===== Collected material =====

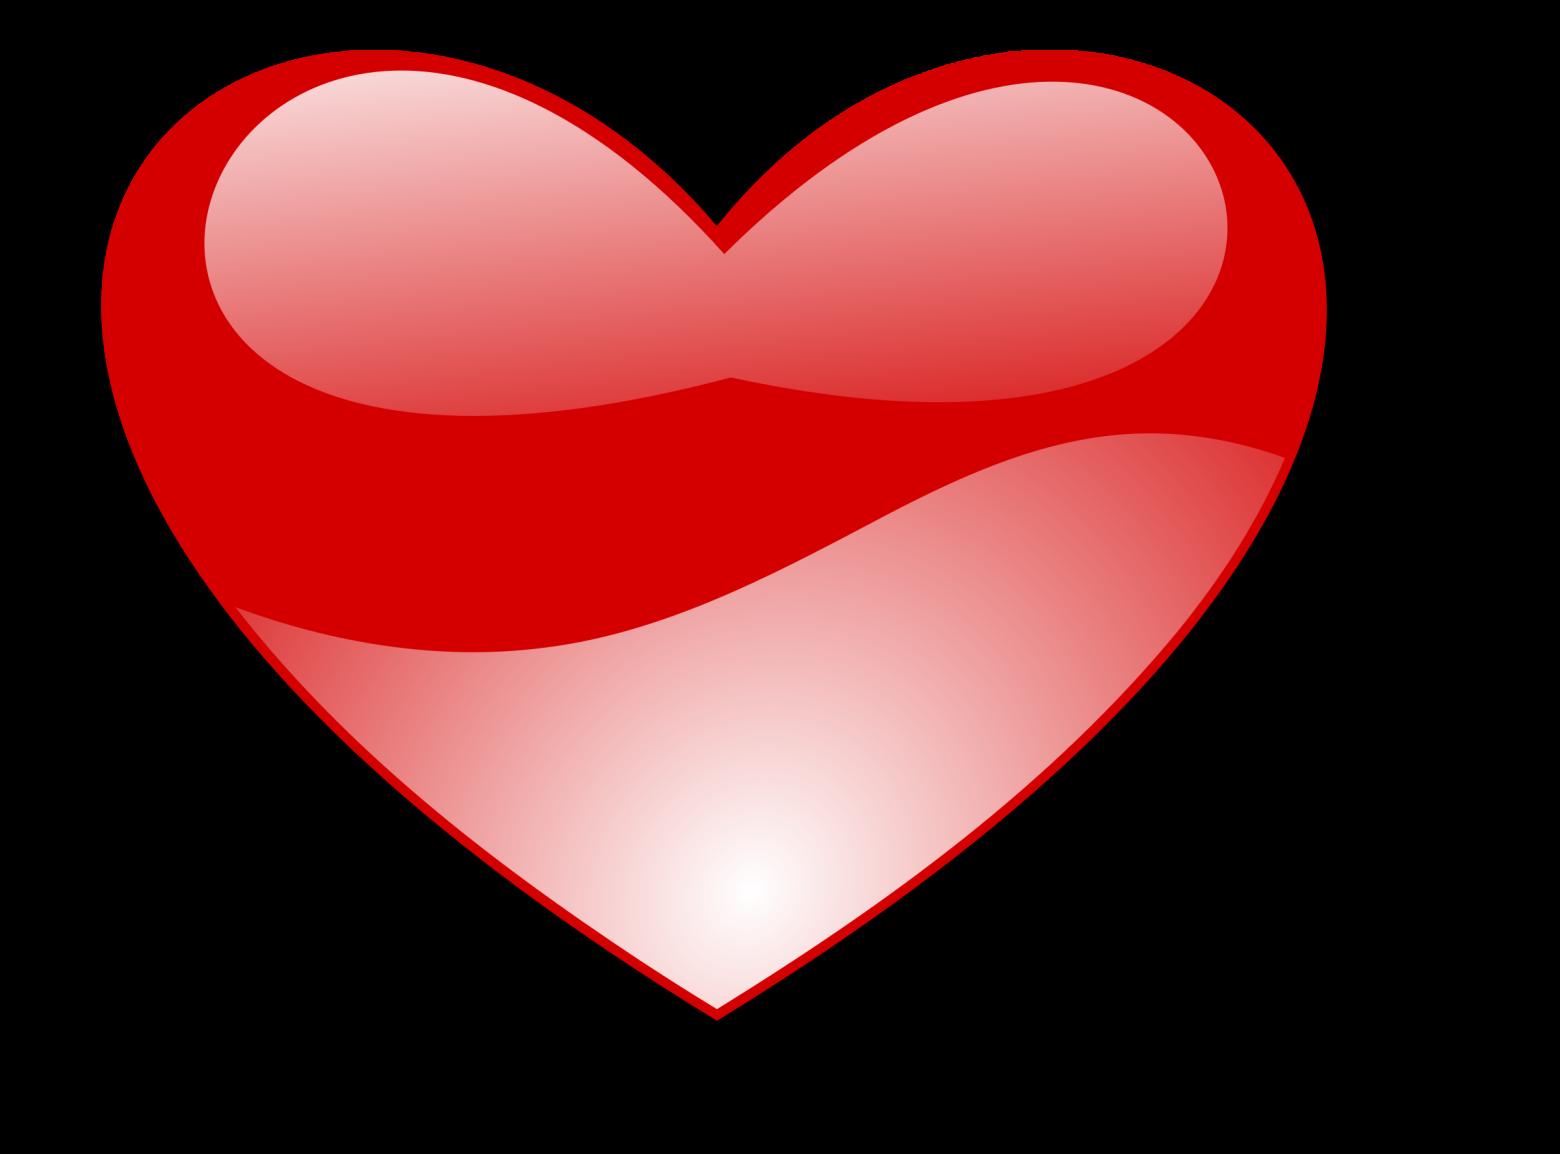 Image de coeur rouge galerie tatouage - Comment decorer un grand vase transparent ...
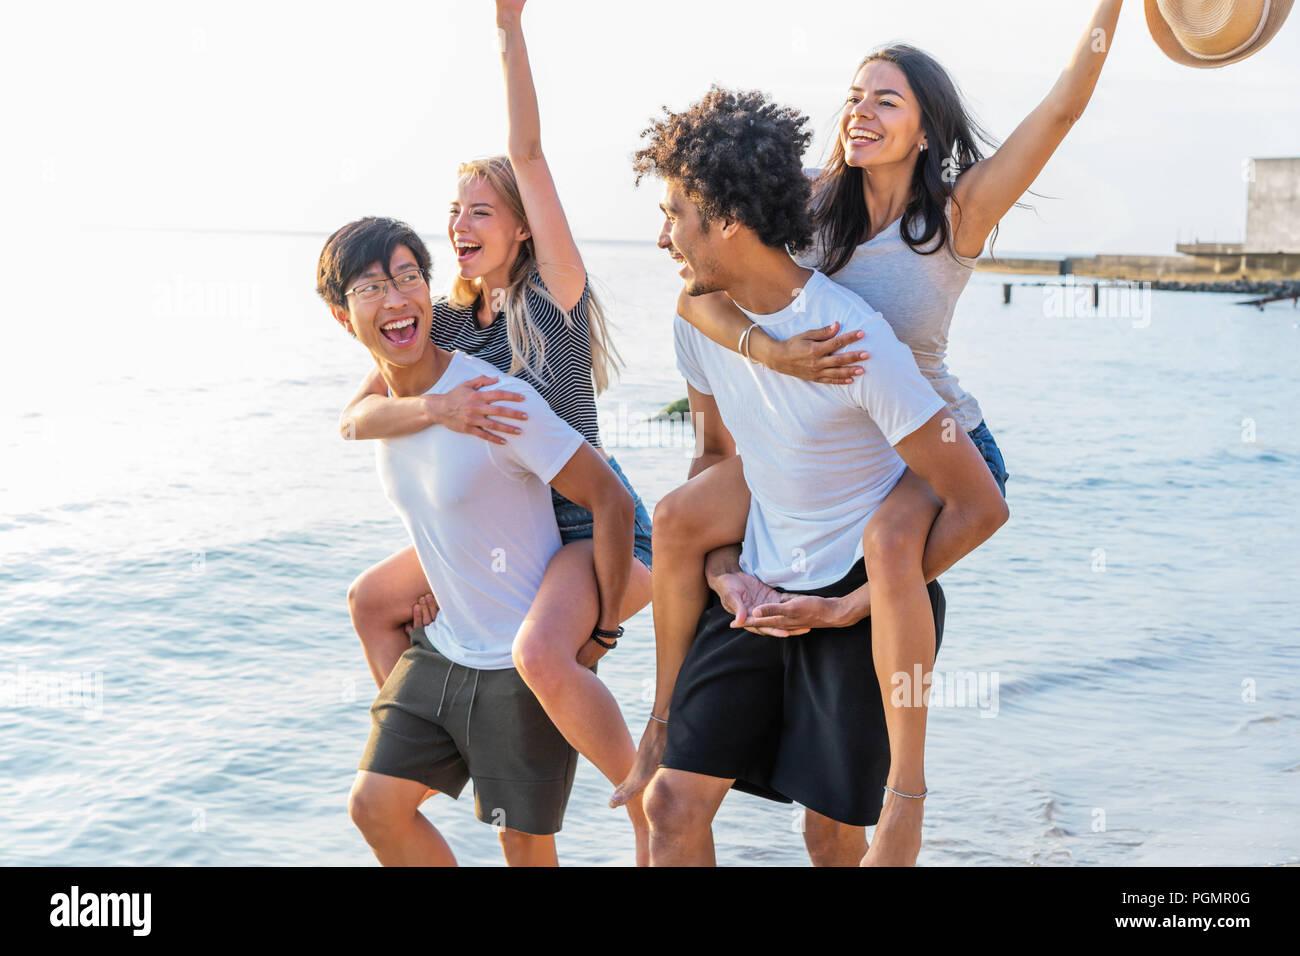 Grupo de amigos caminando por la playa, con los hombres que piggyback ride para novias. Feliz jóvenes amigos disfrutando de un día en la playa Imagen De Stock
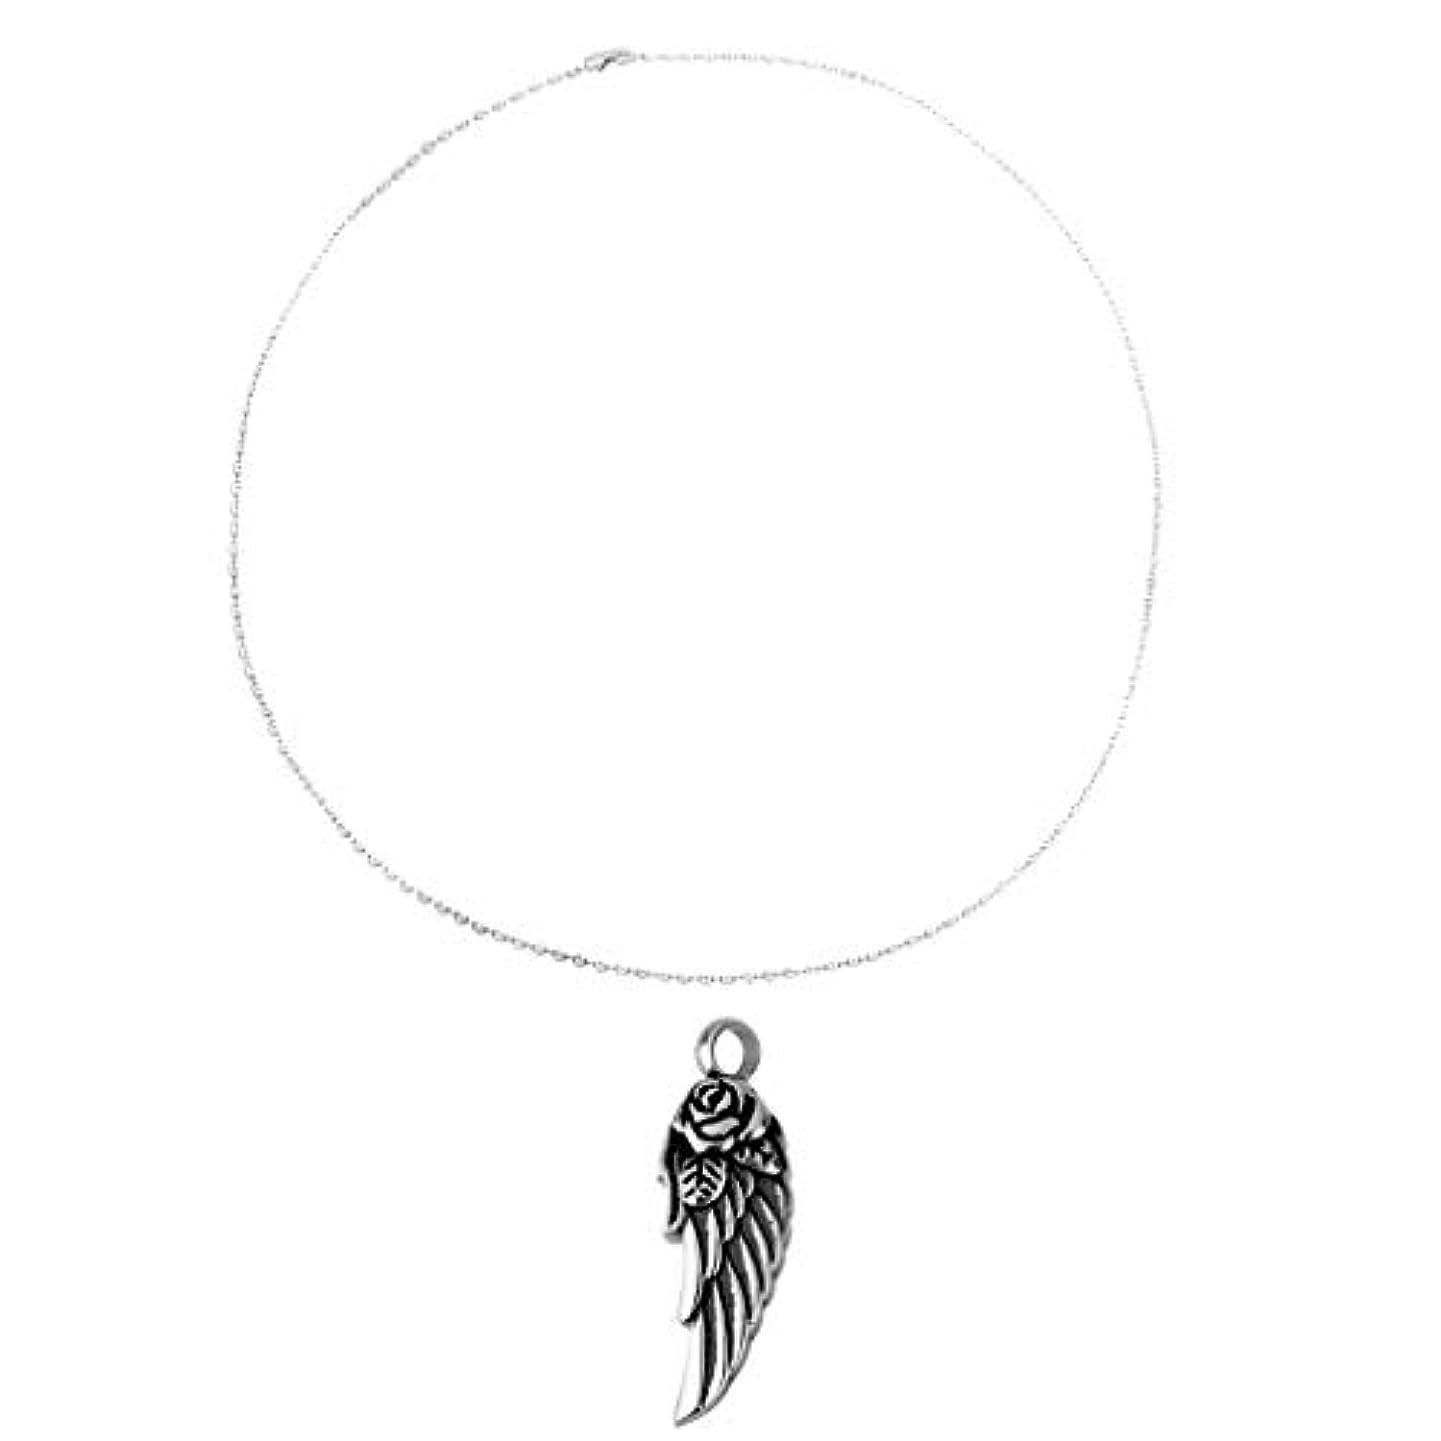 気絶させるなめらかなコロニーステンレス鋼ビーズ?チェーン?ネックレス 銀色+天使の翼の火葬記念品記念灰骨壷のネックレスのペンダントの宝石
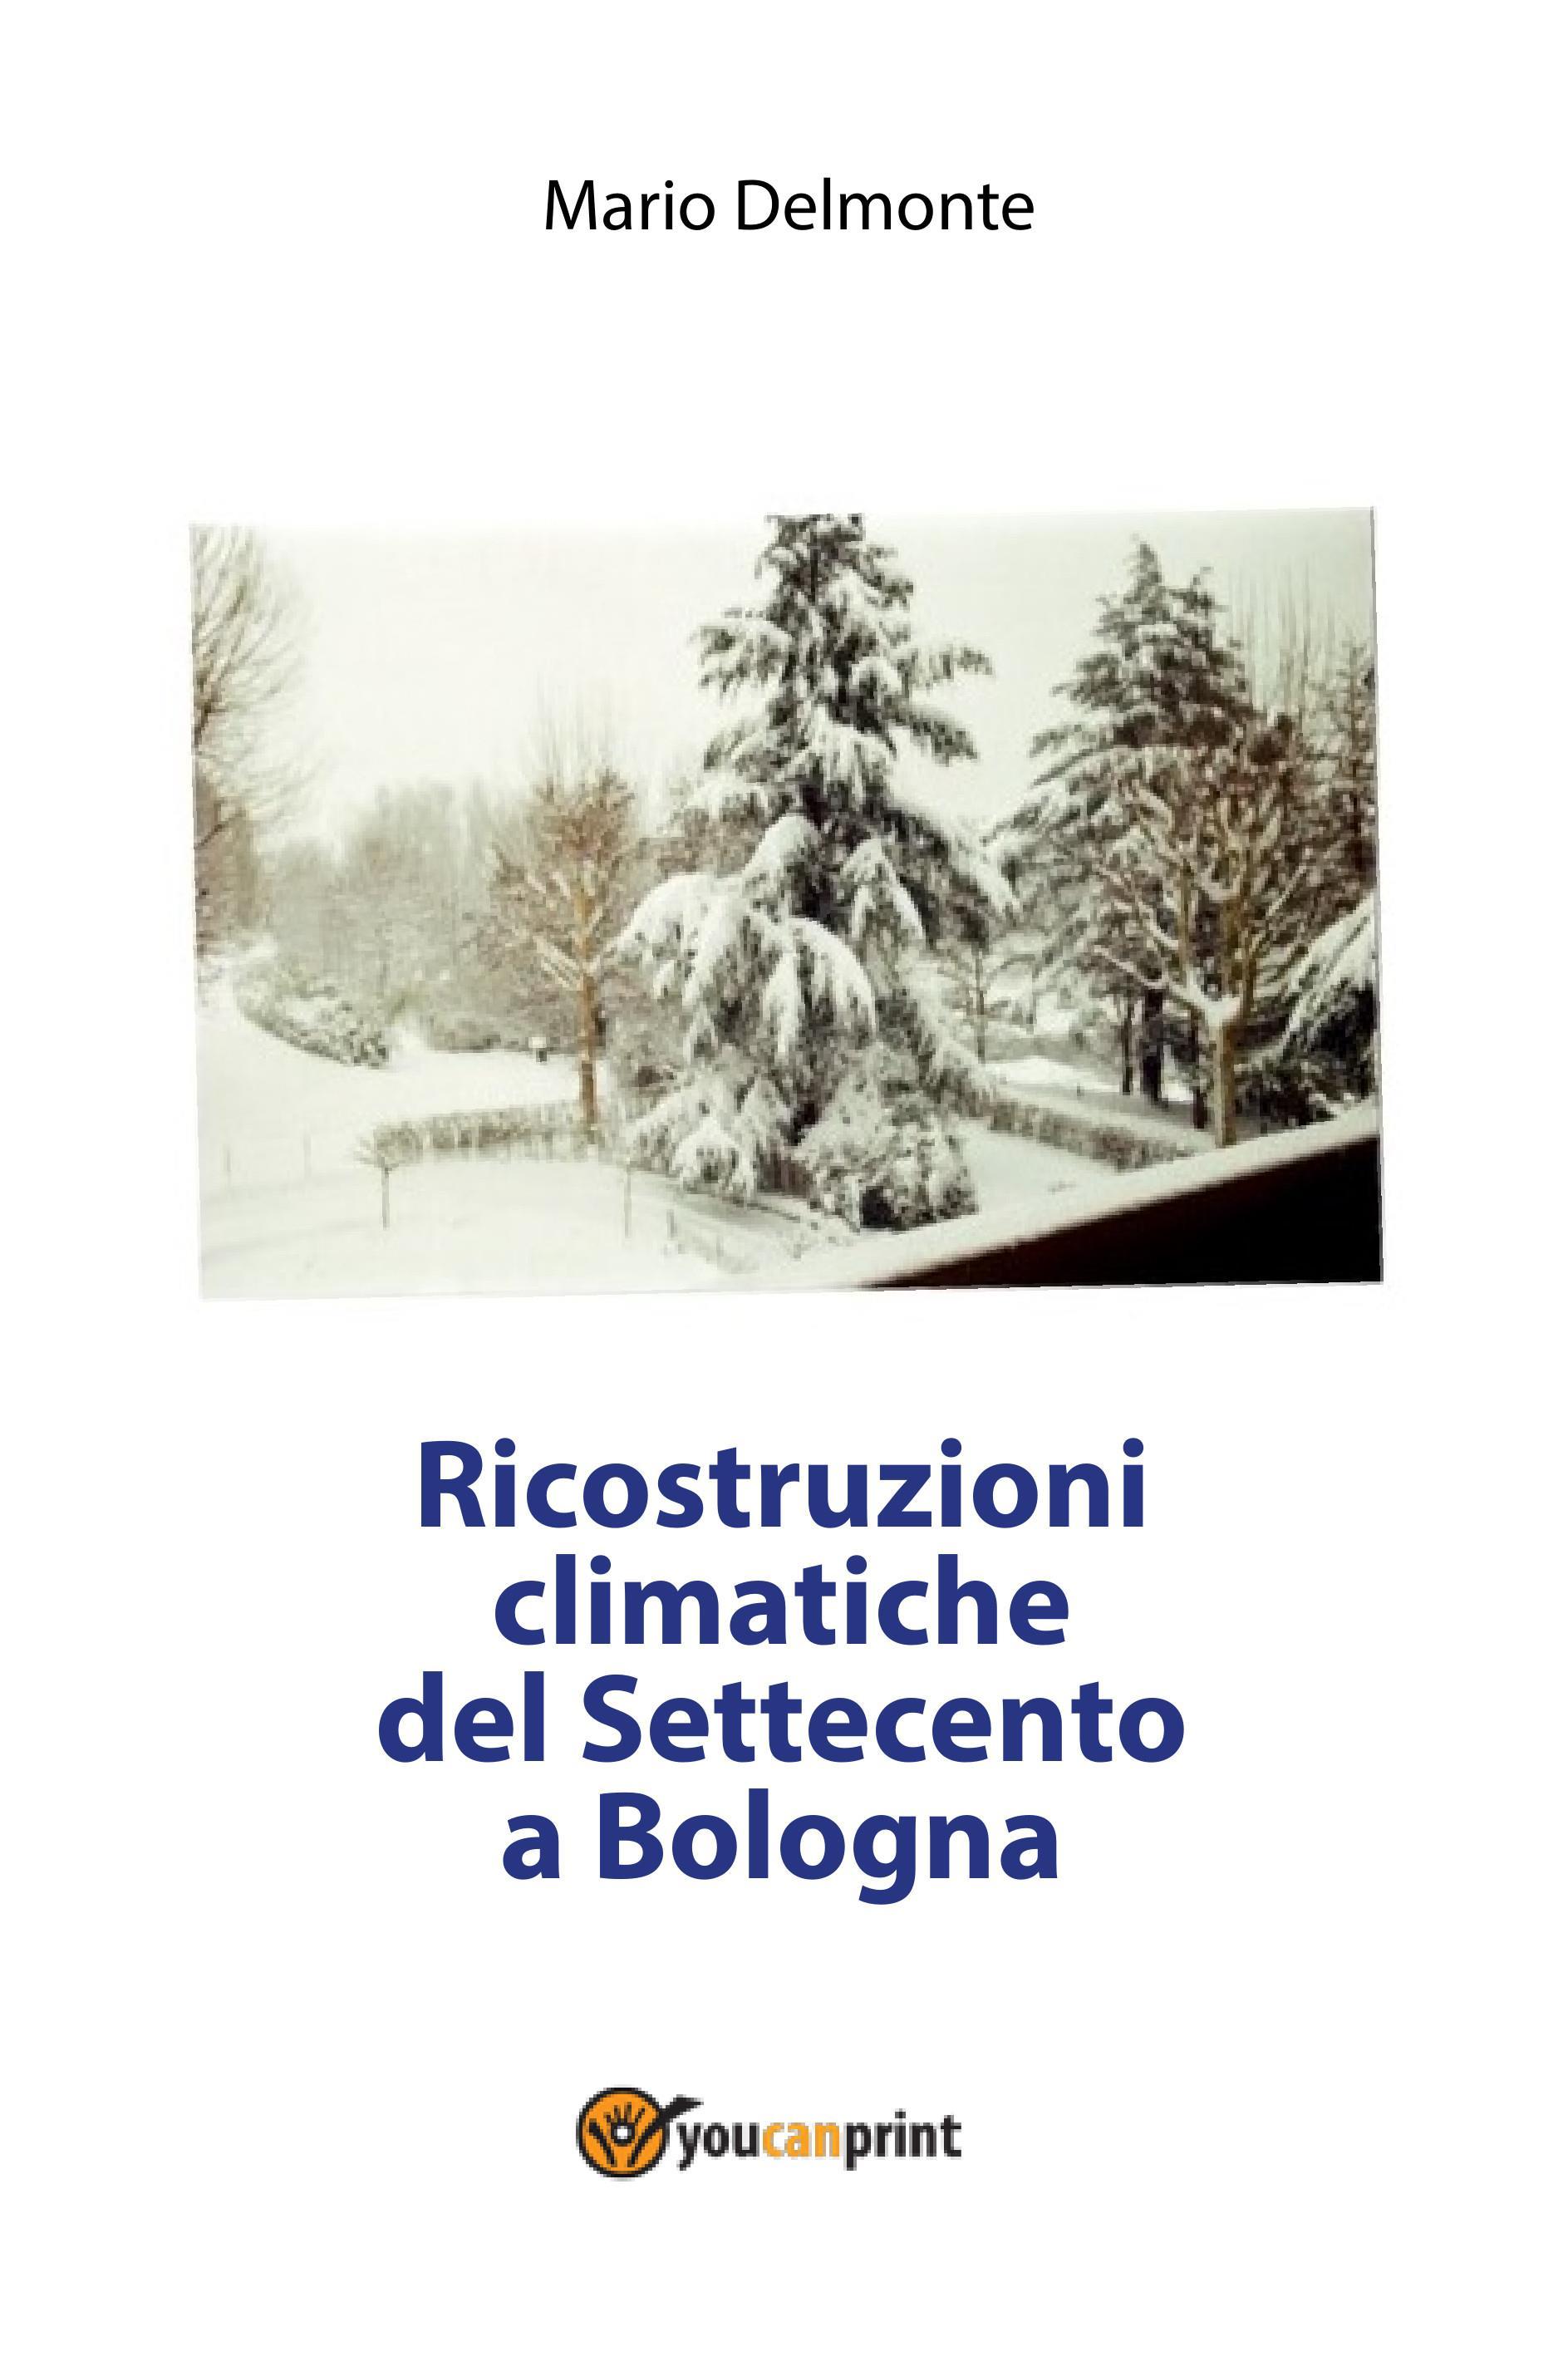 Ricostruzioni climatiche del Settecento a Bologna

=====

:: Task to carry out ::
Could you retype each line of the material above exactly, skipping the pictures?

:: Your solution ::
 Image de coeur rouge galerie tatouage - Comment decorer un grand vase transparent ...
 Grupo de amigos caminando por la playa, con los hombres que piggyback ride para novias. Feliz jóvenes amigos disfrutando de un día en la playa Imagen De Stock
 気絶させるなめらかなコロニーステンレス鋼ビーズ?チェーン?ネックレス 銀色+天使の翼の火葬記念品記念灰骨壷のネックレスのペンダントの宝石
 Ricostruzioni climatiche del Settecento a Bologna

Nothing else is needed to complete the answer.